Fell free to ask 随意问
The C++ standard does not guarantee that sizeof(std::array<MyType, N>)==sizeof(MyType)*N
. C ++标准不保证
sizeof(std::array<MyType, N>)==sizeof(MyType)*N
That is, even though the elements of an individual std::array
are contiguous, a vector
of array
s may not have the elements of the arrays evenly spaced. 也就是说,即使单个
std::array
的元素是连续的, array
s的vector
也可能不会使数组的元素均匀间隔。 So there is no standard-compliant way of doing this, because the two vectors would not necessarily be "taking the same memory". 所以有这样做,因为这两个向量不一定会“采取同样的记忆”的不符合标准的方式。

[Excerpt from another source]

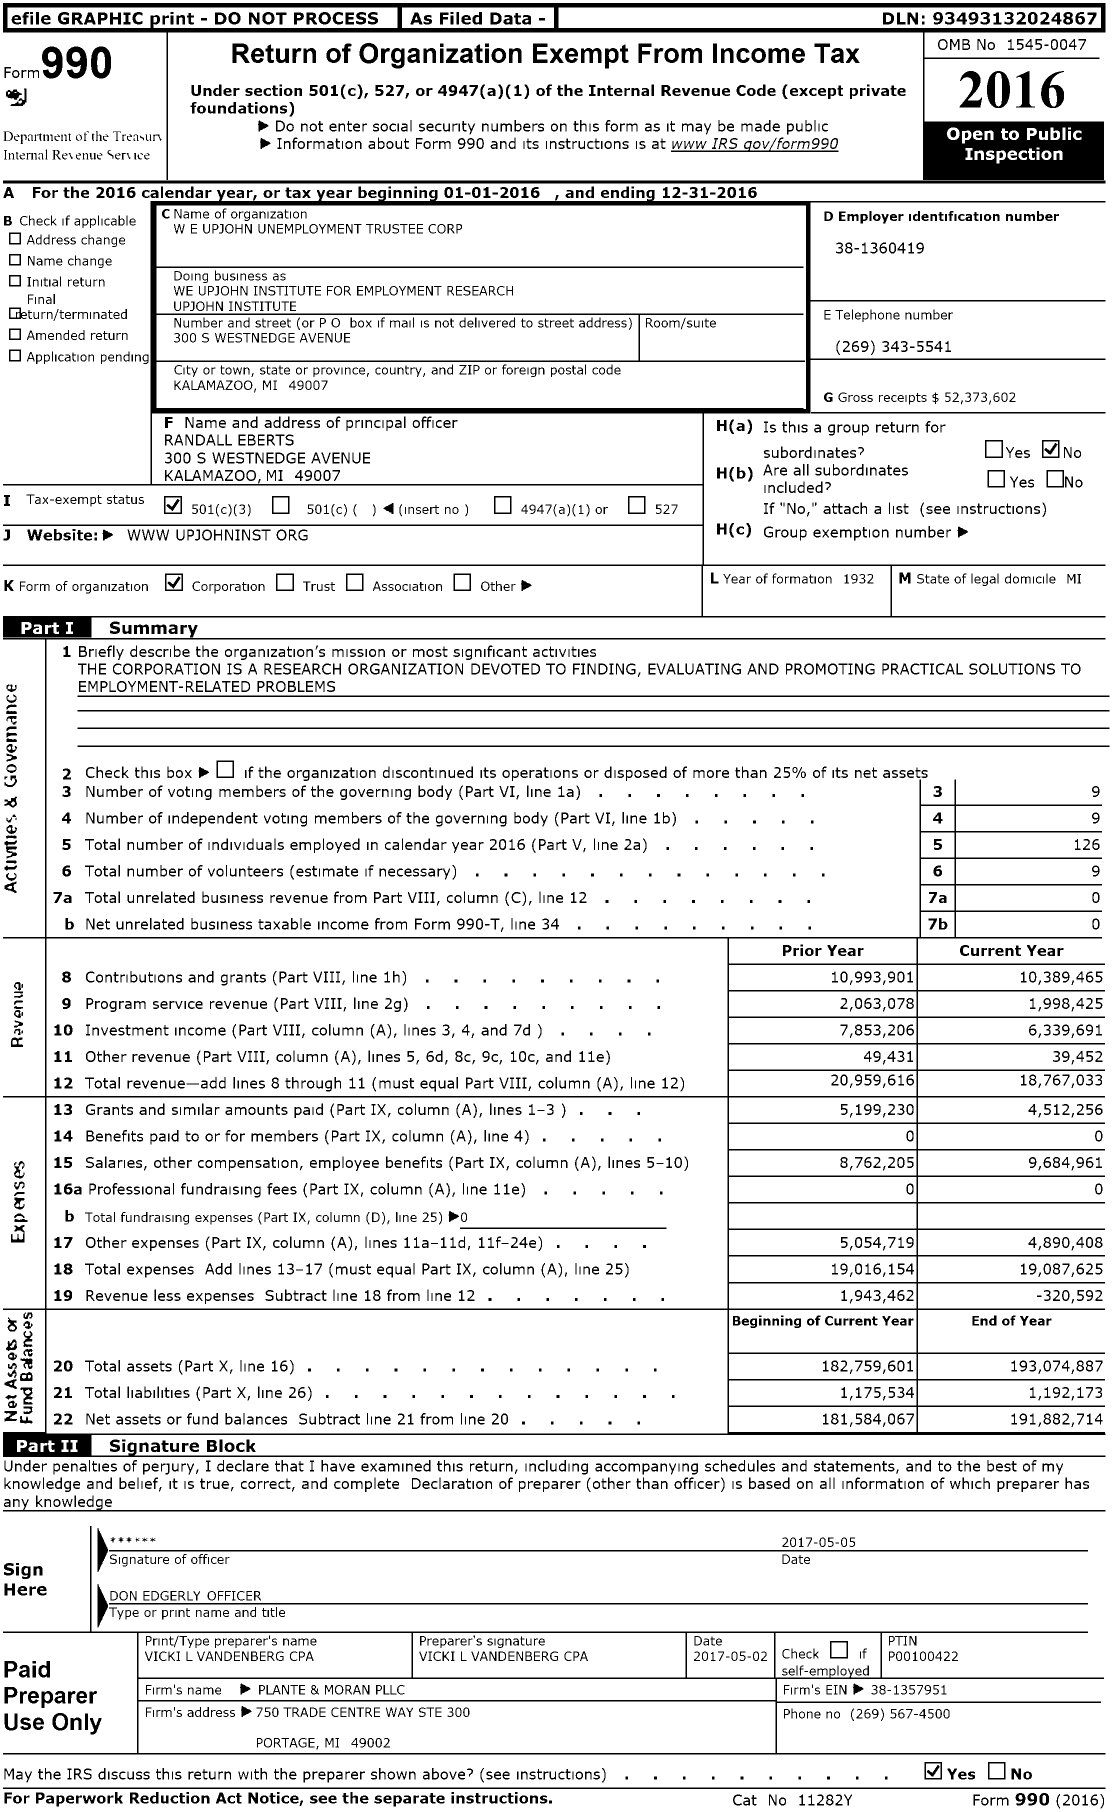 Image of first page of 2016 Form 990 for We Upjohn Institute for Employment Research Upjohn Institute Center for Regional Economic and Community Development

You could maybe get things to work with reinterpret_cast
and such on your compiler. 您也许可以在编译器上使用
reinterpret_cast
类的东西。 ( std::move
from a reinterpreted vector type will definitely not work, not in theory and not in practice.) This will not be portable or reliable or a good idea. (
std::move
从重新诠释矢量型肯定是不行的,没有在理论上和在实践中没有)。这会不会是便携或可靠性或一个好主意。 You have three options: copy the data, change the source type, or change the destination type. 您有三个选项:复制数据,更改源类型或更改目标类型。

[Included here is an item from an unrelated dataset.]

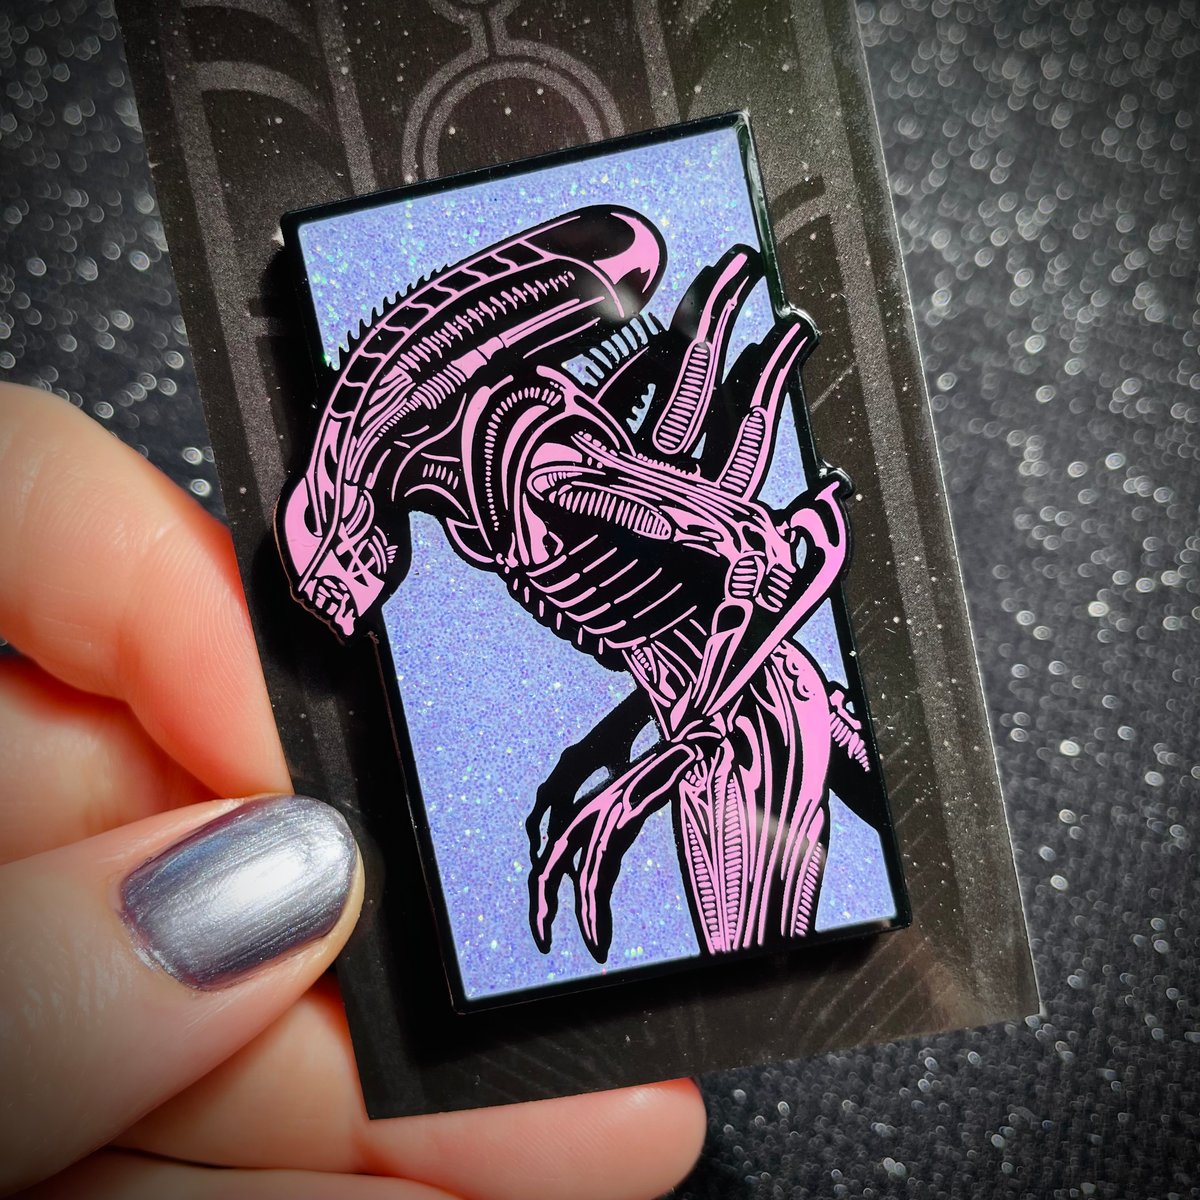  Prime Creations Aliens Enamel Pin for UFO Lovers - The

I don't want to change this method ...
我不想更改此方法...
But you should. 但是你应该。 If you make it work with iterators rather than the container, you will get more flexibility:
如果使其与迭代器而不是容器一起使用,您将获得更大的灵活性:
template <typename IT>
void foo(IT begin, IT end){
....
}
Now passing begin
and end
of whatever container is possible. 现在传递任何可能的容器的
begin
和end
。 However, if you want to go back to passing iterators to a std::vector<std::array<int, 3>>
you would have to invest some extra effort to get an iterator type that lets you iterate from [0][0]
till [size_x][size_y]
, but as the arrays all have size 3, this shouldnt be too complicated. 但是,如果您想回到将迭代器传递给
std::vector<std::array<int, 3>>
方法,则必须付出额外的努力才能获得一个可以从[0][0]
进行迭代的迭代器类型[0][0]
到[size_x][size_y]
[0][0]
为止,但是由于数组的大小均为3,因此不要太复杂。 And anyhow you should consider to use flat vectors instead of a 2D structure. 无论如何,您都应该考虑使用平面向量而不是2D结构。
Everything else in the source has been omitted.